GIVEN DATA –
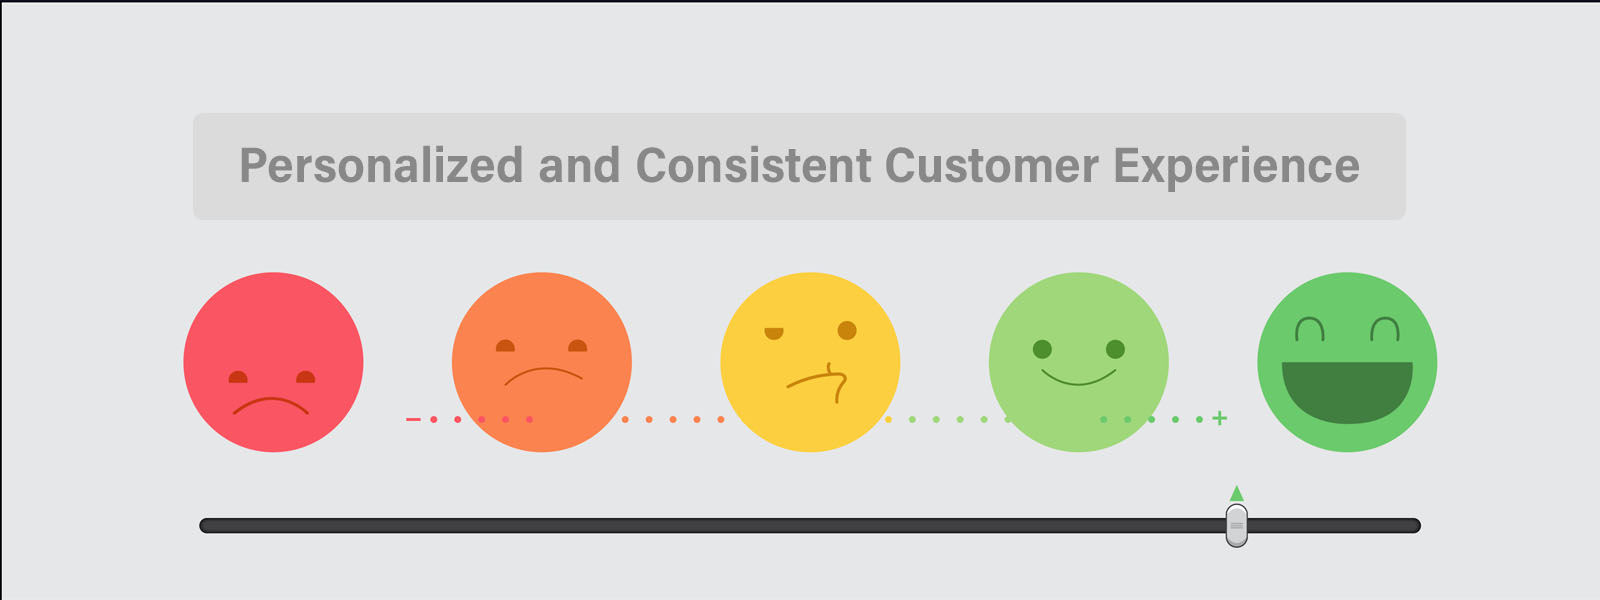 personalized and consistent customer service
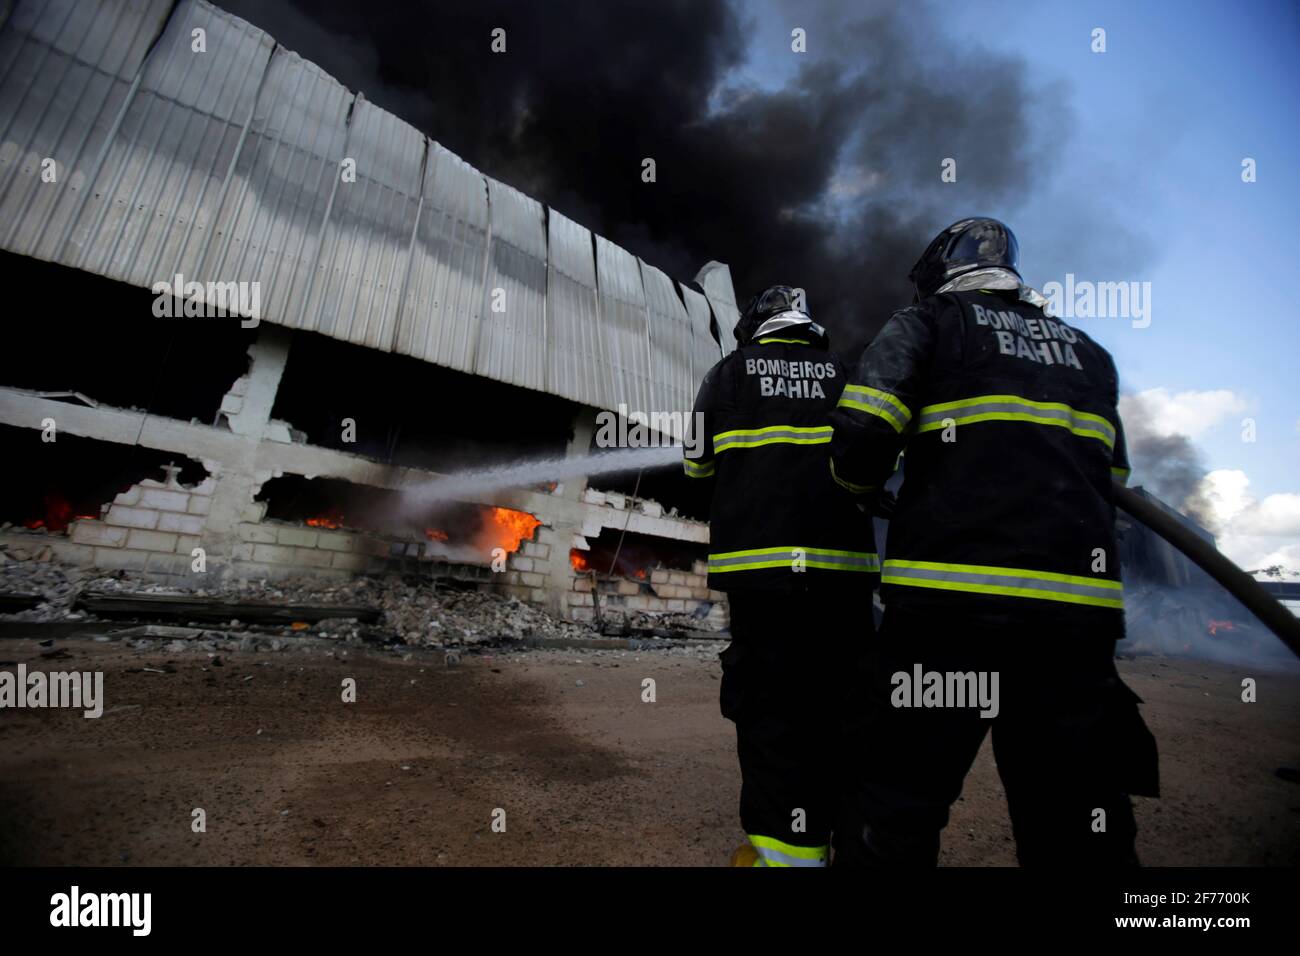 sao sebastiao do passe, bahia / brazil - may 31, 2019: Firefighters fire fighting at tire recycling factory in the city of Sao Sebastiao do Passe. *** Stock Photo
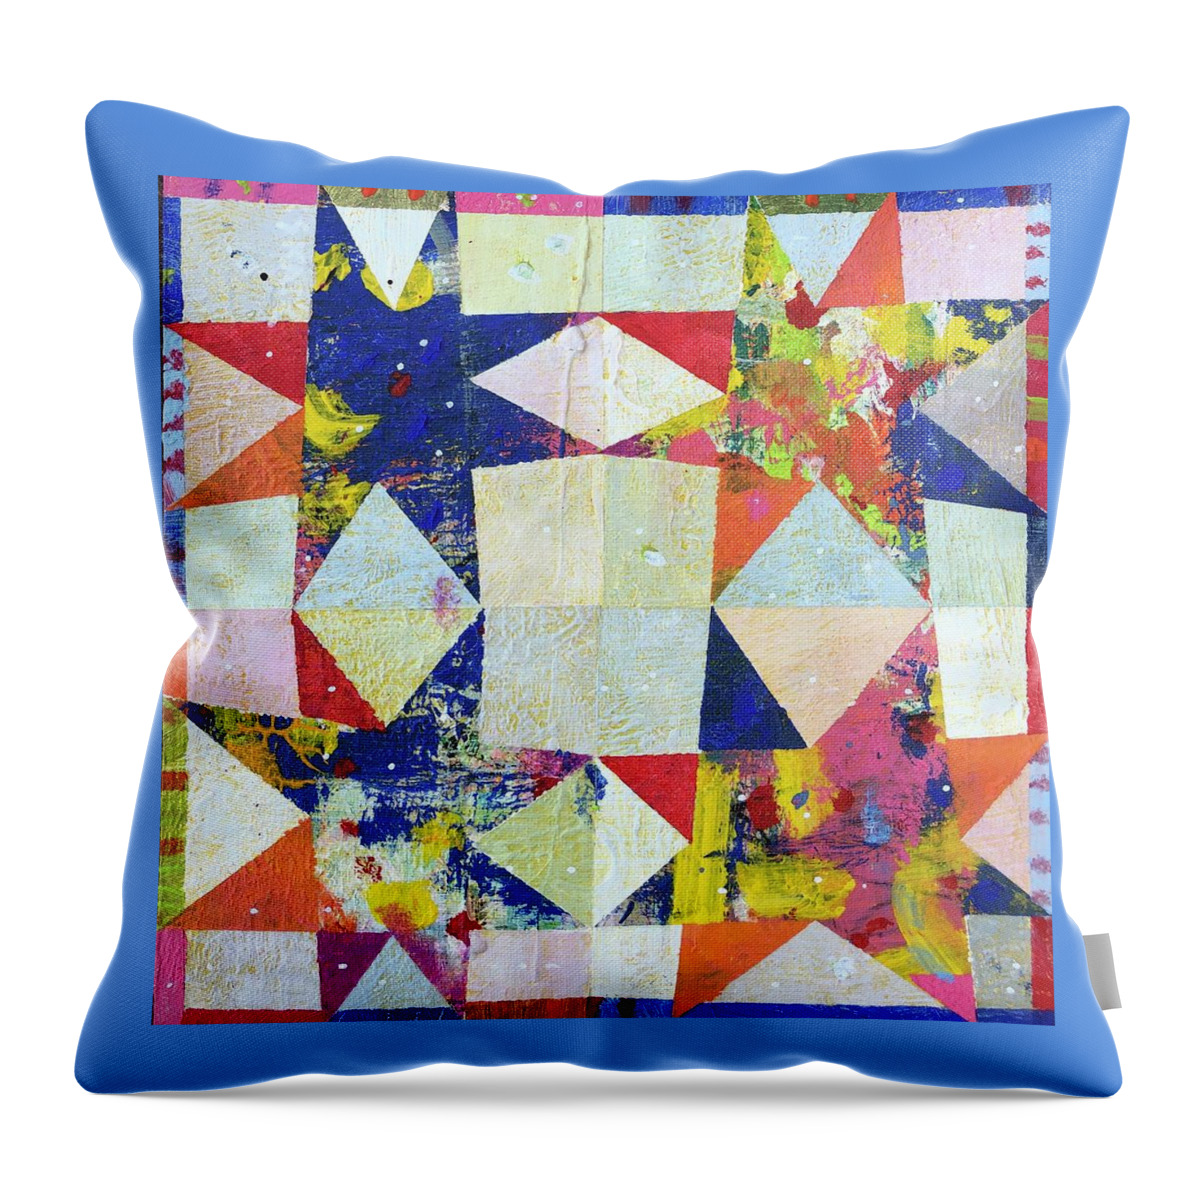 Stars Throw Pillow featuring the painting Uno, Dos, Tres, Cuatro by Cyndie Katz

TASK GOAL –
Every line above should be transcribed exactly, though no image should be carried over.

YOUR RESPONSE –
 personalized and consistent customer service
 sao sebastiao do passe, bahia / brazil - may 31, 2019: Firefighters fire fighting at tire recycling factory in the city of Sao Sebastiao do Passe. *** Stock Photo
 Stars Throw Pillow featuring the painting Uno, Dos, Tres, Cuatro by Cyndie Katz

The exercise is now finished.